Open hannes-ucsc opened 2 years ago

hannes-ucsc commented 2 years ago

Azul has 15 minutes and 10GiB of memory to index an analysis subgraph and all its stitched-on input subgraphs, aka the subgraph tree. So 15min and 10GiB for one subgraph tree. Those limits are imposed by AWS Lambda.

We hit the 10GiB memory limit with an existing SS2 analysis subgraph with 17000 files but were able to work around that by indexing it in "partitions". With partitioning we still load the entire subgraph tree from TDR but then only incorporate one slice of it (the partition) into the index. The partitions are then later combined in a separate process, outside of the original 15min/10GiB "box", in another "box" of the same size. We can make the partitions arbitrarily small. The problem is that we still have to load the entire subgraph tree from TDR before we can determine a partition to process. With partitioning enabled, the loading already eats up 10min of those 15min, leaving only 5min to process the partition. And this is where we'll hit the next limit: probably at 25k files, the entire 15min will be spent loading, leaving no time for the processing. The other problem is that we redundantly load many JSON documents multiple times (once per partition) before essentially discarding most of them.

The important observation is that no amount of subgraph partitioning by analysis, say by donor, is going to alleviate that problem, because all those partitions would still need to be stitched by Azul when it indexes the subgraph that combines the partitions into the final loom. The only thing that would help is if we didn't offer a top-level loom, only the donor-level looms. And that would obviously not be useful to our customers.

hannes-ucsc commented 2 years ago

Quoting @kbergin from an email exchange with Kylee, Trevor, Akum, Jessica, Nikelle and Wes

Thanks for meeting today to brainstorm. Here is a summary, please respond if I've missed anything or am incorrect.

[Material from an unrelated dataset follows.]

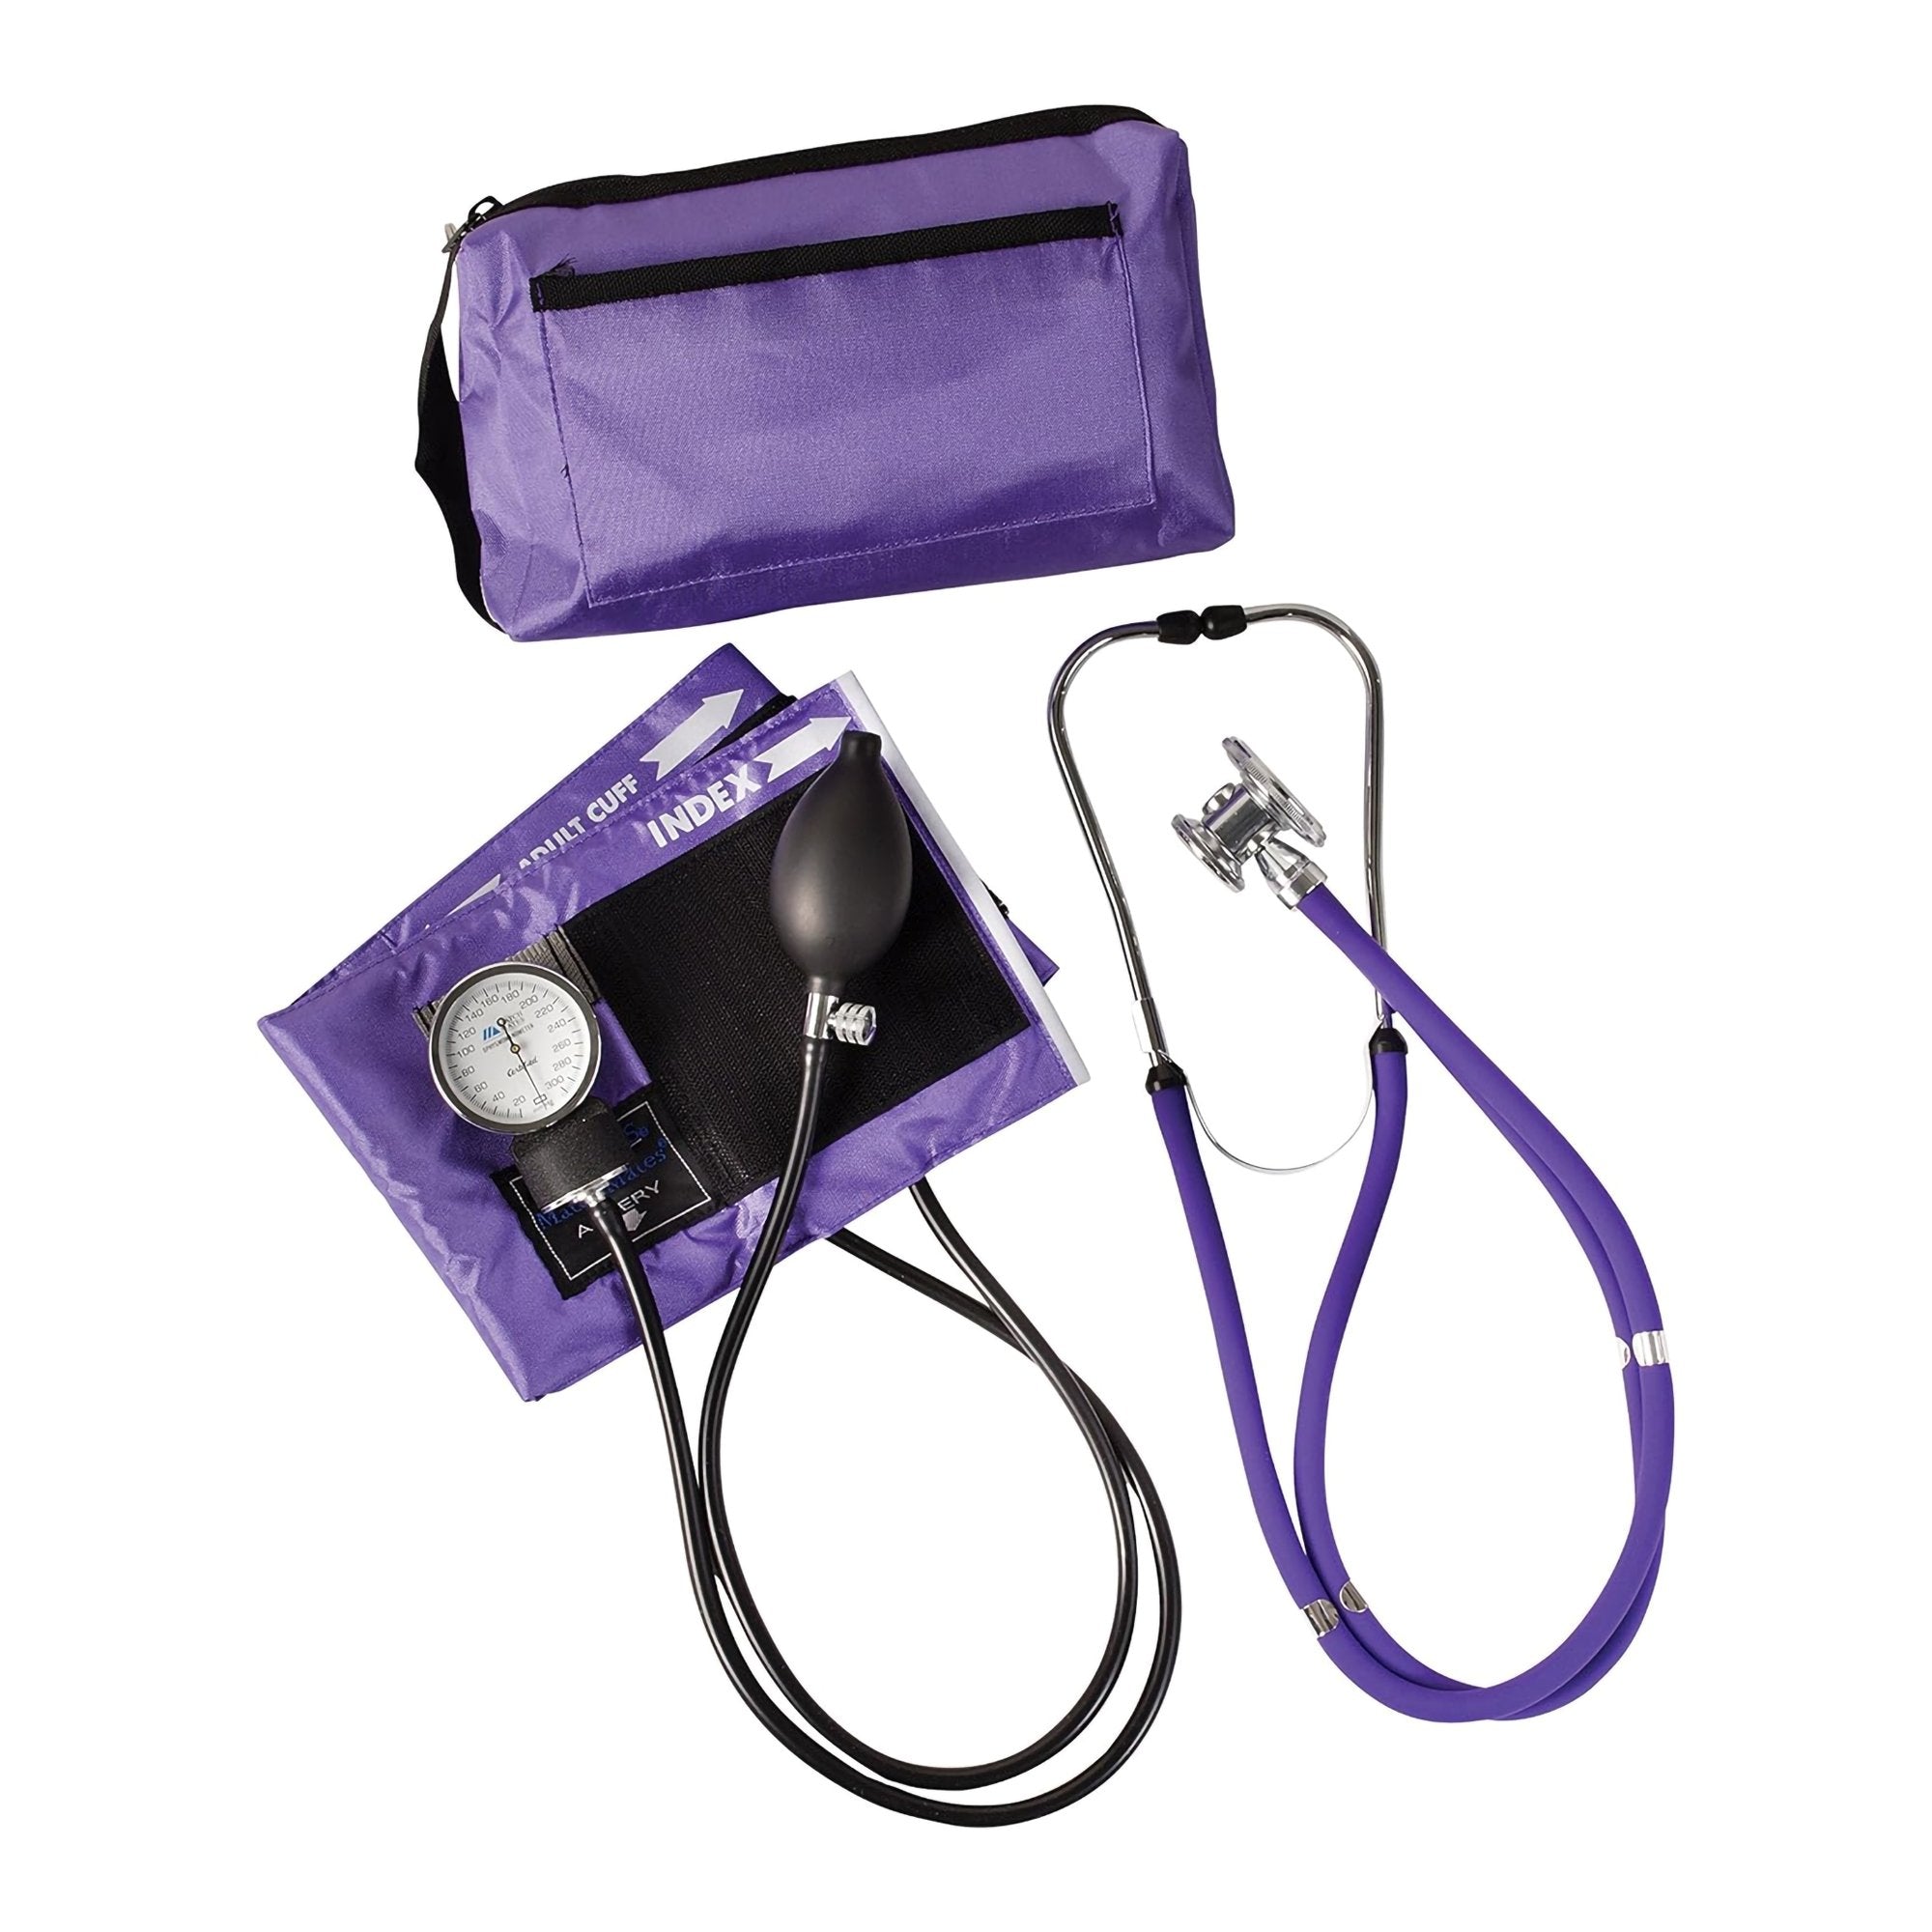 Mabis® Match Mates Manual Aneroid / Stethoscope Set, Purple

Summary of situation: Azul is having a difficult time indexing subgraphs that are a large number of files. Because SS2 projects often have thousands of input samples that all converge into one final output file, the subgraphs get very very large. So far it can scale to 10,000 files, but not to 20,000. We aren't currently sure where the scale limitations lie and that leaves us with open questions on the best path forward. A few ideas proposed:

  1. Stratify further by donor. We considered stratifying by donors as an intermediate and then producing a final merged loom. We realized this final merged loom would still have the same indexing issues. We could consider delivering looms stratified by donor, but this needs product user research to determine how this impacts users. Would require work on pipelines team to implement stratification change. Would result in different stratifying method than 10X.
  2. Run the largest stratification we have as a scale test to identify where scaling issues are. Ideal to run in dev, but on 'TDR new prod'. Therefore, we should wait until that is complete before running this scale test. Note to pipelines team: How much would this test cost in dev? Do cached references get used in this pipeline and would that be used in dev?
  3. Remove bam index from delivery to DCP - would halve the number of files at that level. Not solving the problem but doesn't hurt. Ticket created and Lantern will do that regardless of other testing and scaling work.
  4. After test in 2 - work in Azul to figure out how to scale to larger datasets in parallel to exploring 1.

Generally, we think this is not urgent enough to drop other work because all of the current SS2 datasets in the DCP are not as large as Tabula Muris and should be able to be indexed.

We can come back to this in the future.

hannes-ucsc commented 2 years ago

@kbergin later on that same thread:

I don't know if donor level looms would be completely unusable or problematic for users, we would need to research. But I do think it's not ideal, if we have other solutions.

Sounds like removing the bam index will help as a first step for at least getting through the rest of these processed datasets sooner. We will plan on that.